Now there are two ways of attacking this problem, besides having human operators more readily available. One way could be to add an configurable option to scheduled BibTasks to not stop the queue on failures. For example, a dbdump task failing can be a serious matter in itself, but it does not harm the running service per se. Of course, operators should still be made aware of the issue via the normal channels, but the queue should move on as usual.

A secondary or additional option, perhaps, would be to look into all the different Bibtasks and further define which errors are more significant then others and amend to have the lesser significant errors fail "silently" - not stopping the queue.

Whatever the option it should be easily configurable per instance which tasks can or cannot cause the BibSched queue to halt.

Attachments (1)

0001-BibSched-lets-each-task-decide-if-stopping-the-queue.patch (9.7 KB) - added by adeiana 2 years ago.
Per-task handling of the queue

Download all attachments as: .zip

Change History (20)

comment:1 Changed 2 years ago by jcaffaro

To be partially implemented for oaiharvest task. See #853.

comment:2 Changed 2 years ago by skaplun

  • Priority changed from major to critical

comment:3 Changed 2 years ago by adeiana

I reworked the patch in order to able to specify a list of module that will not stop the queue. Here is what I came up with
http://invenio-software.org/repo/personal/invenio-adeiana/commit/?id=c0926ac254517707d2a5d34972fa4af532b237ce

comment:4 Changed 2 years ago by skaplun

  • Status changed from new to in_merge

I had a look at your branch and it nicely implements what we talked about on the mailing-
list.
I think it can be merged into master.

P.s. you might want to change the log message by adding (closes #TICKETNUM) statement in the commit log, to automatically close this ticket when it is merged.

Cheers!

Sam

comment:5 Changed 2 years ago by simko

  • Status changed from in_merge to assigned

This feature is obviously very good to have, but instead of treating
errors coming from some tasks as blocking the queue, while errors
coming from other tasks and non-blocking the queue, I think it is
better to look at this problem not from task-specific point of view,
but rather from the error-specific point of view.
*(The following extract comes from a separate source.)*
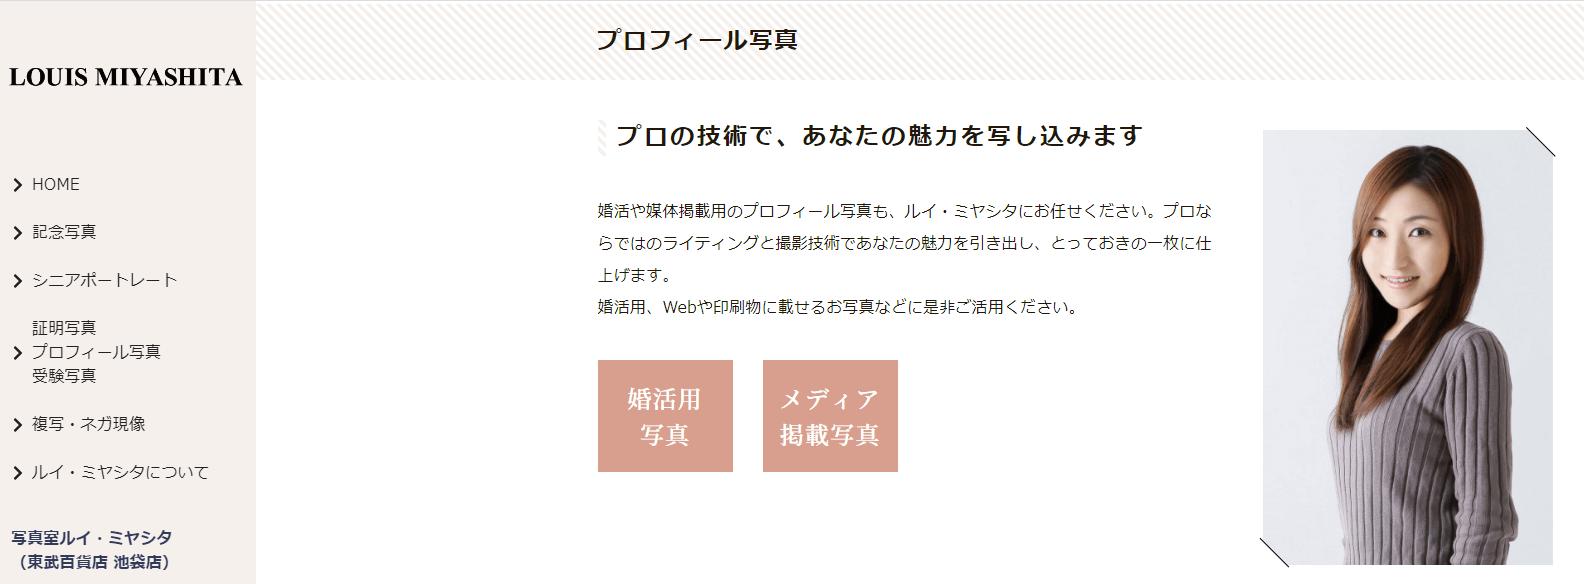 ikebukuro-tobu-photo

This because
certain types of errors may need queue blockage and may occur for any
bibtask, say when DB is down.

Borrowing a terminology from the Lisp world, the errors can be roughly
classified into two types: "fatal errors" that would stop the queue,
and "continuable errors" that would not stop the queue, for other
fellow tasks.

Say that BibIndex cannot index certain records due to UTF-8 bug. Thus
it would emit continuable error (CERROR) which will not prevent other
waiting tasks such as BibRank from being launched by BibSched daemon.
But when BibIndex is awaken next time, it should refuse to run anew,
because the last time it ended up in the CERROR state.
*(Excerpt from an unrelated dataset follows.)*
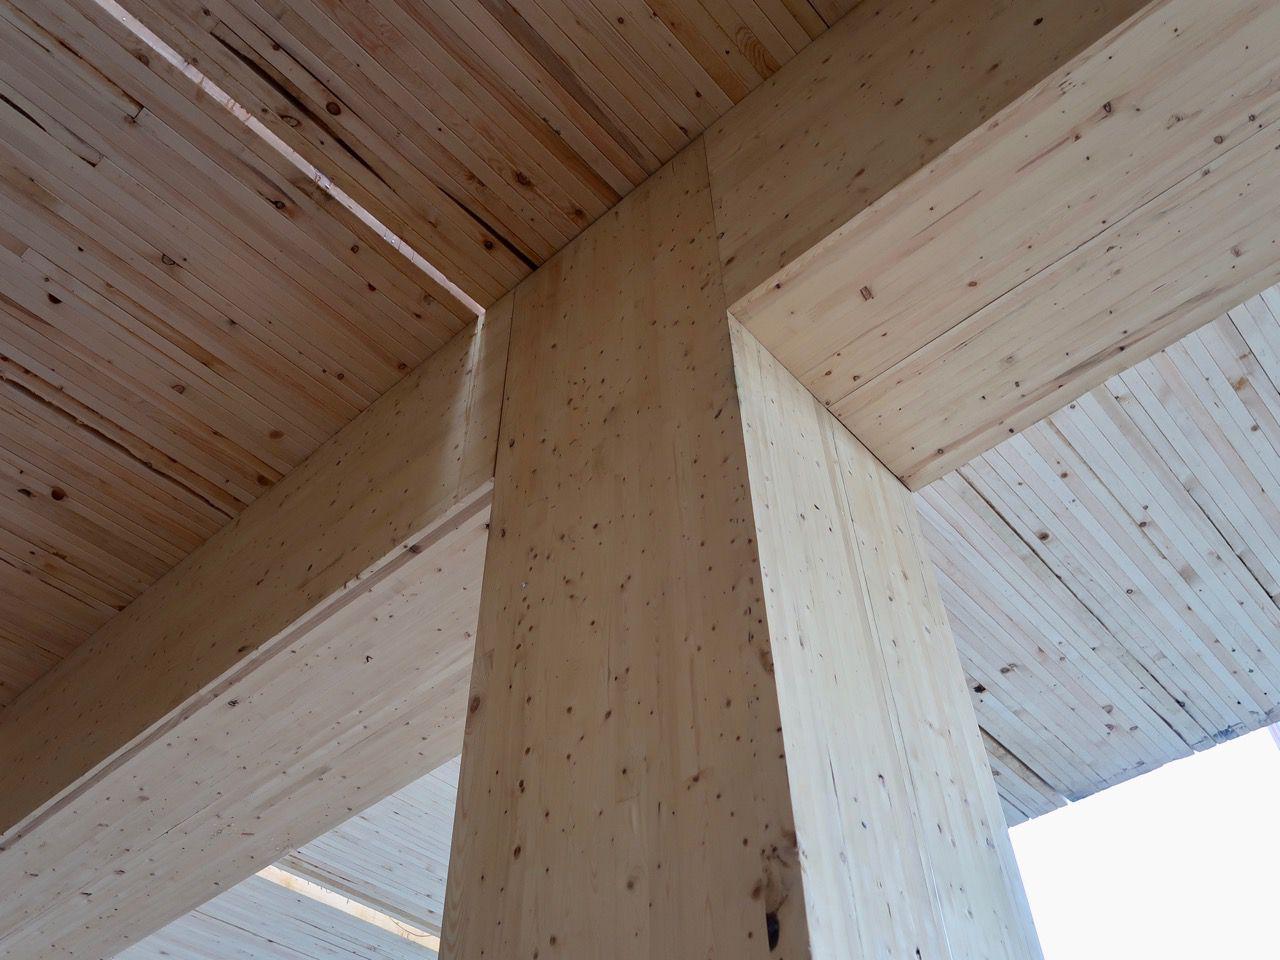 Column and beam

Say that BibIndex cannot index certain records because DB is down or
disk is full. Thus it would emit fatal error (ERROR) that should
cause the queue to stop. There should be no need for the BibSched
daemon to wake up also BibRank and other waiting tasks, only to
discover that they crash in their turns.

Thus, if a continuable error occurs, only tasks of the same nature
would refuse to continue, while others can go. If a fatal error
occurs, everything stops.

Applying this point of view onto the current code base, we would need
to introduce a new continuable error type CERROR, and our current
ERROR would stay fatal error, but most of our bibtasks could be
transformed into emitting mostly CERROR's almost everywhere, except in
places such as BibUpload and friends. So, instead of white-listing
certain tasks for continuable errors such as refextract, that this patch
does, I think we could be more aggressive and start changing ERROR
into CERROR for most tasks, kind of like going for black-listing
certain error situations while white-listing most others. We can be
progressively changing all the tasks to distinguish betwenen emitting
ERROR and CERROR, as the time will permit. My concern here was mostly
that we should rather start by treating these cases on a per-error basis,
not on a per-task basis.

Please tell me what you think.

comment:6 Changed 2 years ago by jlavik

This sounds like the ideal approach. As experienced recently, a full disk will make most task puke errors and especially in the case of BibUpload, the error types differs a lot - with harmless ones being the usual case.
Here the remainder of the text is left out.